Percent Change in Spleen Volume at Week 24 Compared to Baseline	Baseline and Week 24	MRI of the upper and lower abdomen and pelvis was performed, to assess spleen volumes. CT scan was performed if participant was not a candidate for MRI, or if MRI was not readily available. MRI was performed with a body coil. Spleen volume was obtained by outlining the circumference of the organ and determining the volume using the validated technique of least squares. The MRI (or CT scan in applicable participants) was performed on the first or second day of the baseline period (ie, Day -7 or Day -6), and the site radiologist sent the scan to the central imaging laboratory that same day. The CT scans were processed by the same central laboratory used for MRIs.

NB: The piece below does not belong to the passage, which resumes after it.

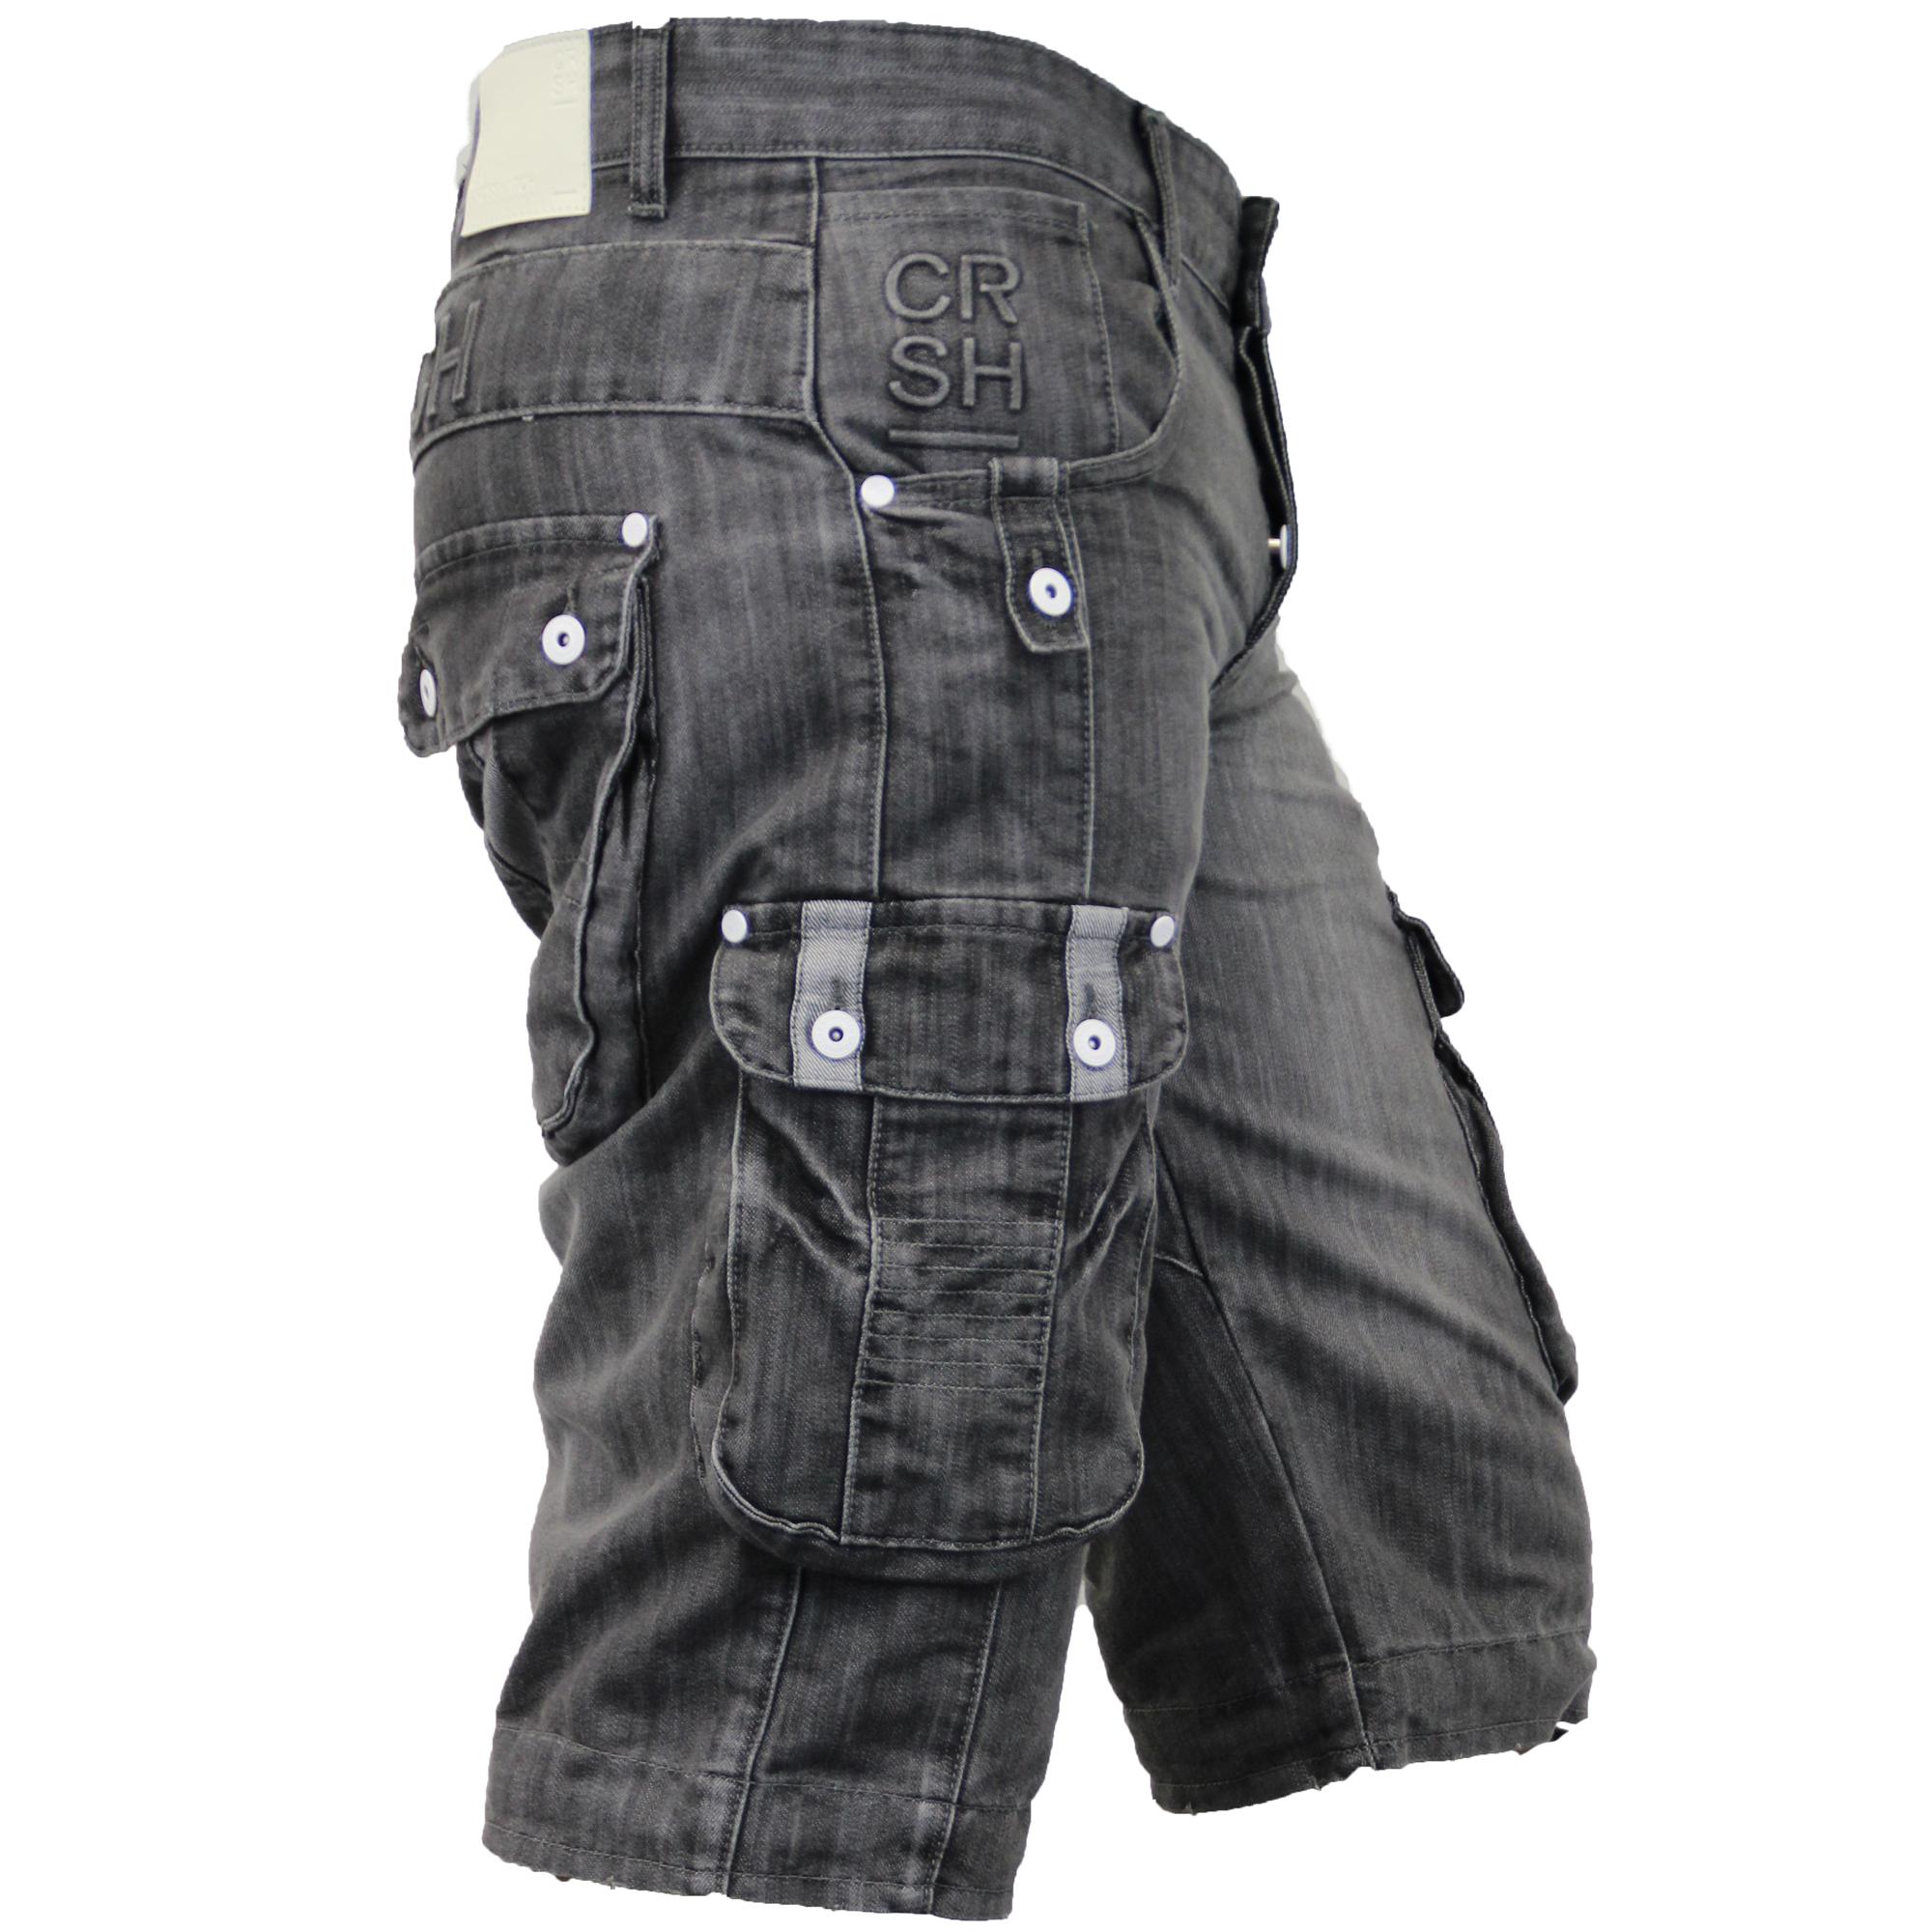 Mens-Denim-Knee-Length-Combat-Shorts-By-Crosshatch thumbnail 10

Change in Spleen Length Measured by Palpation	Up to Week 156	Measurement of spleen length below the left costal margin was measured by palpation at each study visit. Investigators were provided with a soft centimeter ruler so that palpable spleen length was measured in centimeters and not in finger breadths. The edge of the spleen was determined by palpation, and measured in centimeters, using a soft ruler, from the costal margin to the point of greatest splenic protrusion.
Percent Change From Baseline in Spleen Length Measured by Palpation	Up to Week 156	Measurement of spleen length below the left costal margin was measured by palpation at each study visit. Investigators were provided with a soft centimeter ruler so that palpable spleen length was measured in centimeters and not in finger breadths. The edge of the spleen was determined by palpation, and measured in centimeters, using a soft ruler, from the costal margin to the point of greatest splenic protrusion.